Tuesday, August 23, 2005

Materialism and Theism

I thought I'd post what I posted in Dembski's blog in response to a post by "Dan S." (see the link for full context -- it's the second comment if the link doesn't take you there directly).


The writer dramatically overstates mainstream acceptance of ID research.


Mainstream where? Mainstream science? Maybe. Mainstream America, the acceptance is probably understated. While science itself cannot be determined by popular vote, what belongs in publicly-funded governmental education science programs certainly should be, unless we believe in rule by a "priestly class". As Philip Johnson points out, the public thinks that it may have been hoodwinked on this one, and is now demanding an open, public audit of the books.


To talk about an atheistic, materialistic worldview conflates methodological and metaphysical naturalism, and suggests that science - at least mainstream science - is in some way “atheistic,”


It depends. There are two things here:

When you deal with the ordinary events that occur ordinarily on any given day, you are discussing things that can be empirically determined. However, when you get into specifics - that X or Y did or did not happen in history - then you are espousing beyond strictly empirical science. As Stephen Hawking said, no cosmology is independent of philosophy. So to present a cosmology IS EXACTLY to present a specific philosophy. If science is the study of the "normal rules", to say that a given past event or set of past events must have occurred exactly according to the "normal rules" is to make a philosophical statement that the "normal rules" can never be broken. This is beyond the bounds of empirical science and stretch into philosophy, and is precisely the pretext on which the inference of unguided design and universal common ancestry are based.

Second, there is the question of whether or not even the "normal rules" can entirely be determined in terms of material causes. If humans have free will, then the will cannot entirely be determined in terms of material causes. That is not to say that there are no material causes involved in someone's will -- noone doubts that material causes do come into play. However, to say that there are _only_ material causes is to reach beyond the available evidence and to posit something that is both unsupported and philosophical, not empirical.

The question that Intelligent Design asks, is "are there only material causes", and "are there ways of identifying features that have been set by non-material causes". Intelligent Design says that intelligences (including our own) are not wholly subject to material causes, and in fact such non-material causes leave a distinctive ordering on material matter. This ordering can be measured, and the existence of a designer can be inferred based on the organizing characteristics of what is being examined.

Here's a question I like to ask:

If a science teacher says that "everything is the result of material causes", is that teacher in violation of separation of Church and State?

If a science teacher says that "the description of reality is incomplete without God" (or any other non-material cause), is that teacher in violation of separation of Church and State?

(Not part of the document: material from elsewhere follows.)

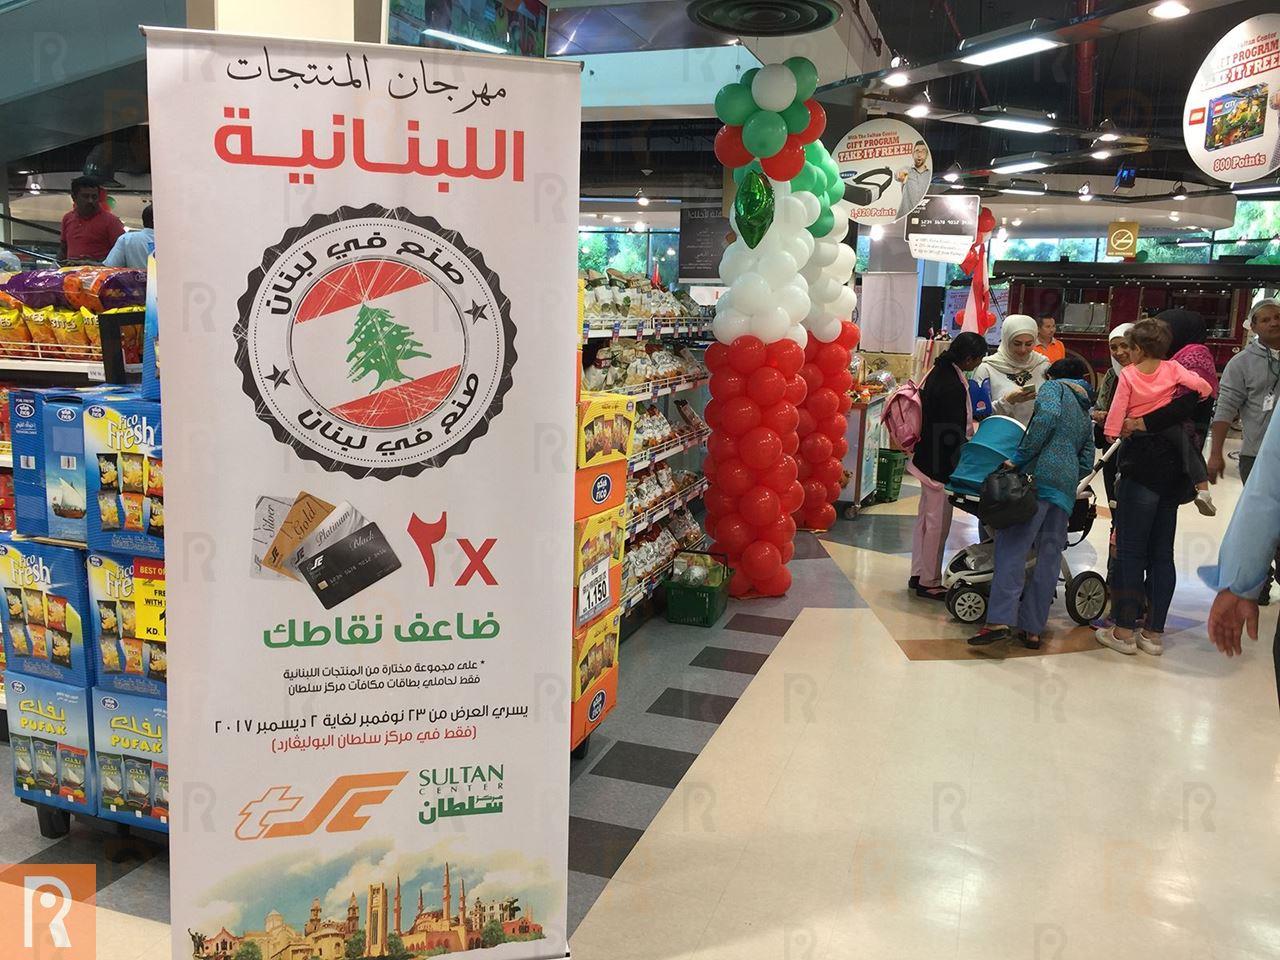 بالصور.. مهرجان المنتجات اللبنانية في مركز سلطان فرع البوليفارد

Both of these are equally unprovable (science, if it is to be regarded as the study of material causes, cannot therefore proclaim that material is all there is), philosophical (relies on the assumption that material causes are all that exist), and even theological (necessitates what God can or cannot do -- if God exists, it assumes that He does not participate in non-material causes -- not a proven statement, simply a theological one). Likewise take these two statements:

"The evolution of life on Earth was an unguided process."

"The evolution of life on Earth was guided by life's creator." (or some alternate intelligence).

Both of these are equally unprovable (noone saw this specific event occur), philosophical (proclaims that science is the limit of knowledge), and even theological (because it establishes as a factual basis what God is or is not doing). Yet in both sets of statements, the first would be allowed in the science classroom, and the second would be called "religious".

The point is that we actually do have a de-facto state religion -- secular humanism. The modern mantra of "Separation of Church and State" simply means that non-secular religions are not allowed in schools, while secular ones are allowed.

The fact is that science continually speaks to philosophy and theology, and the claim of those who are against Intelligent Design is that philosophy and theology cannot speak back in any way, even just to say that there are more than non-material causes in the world.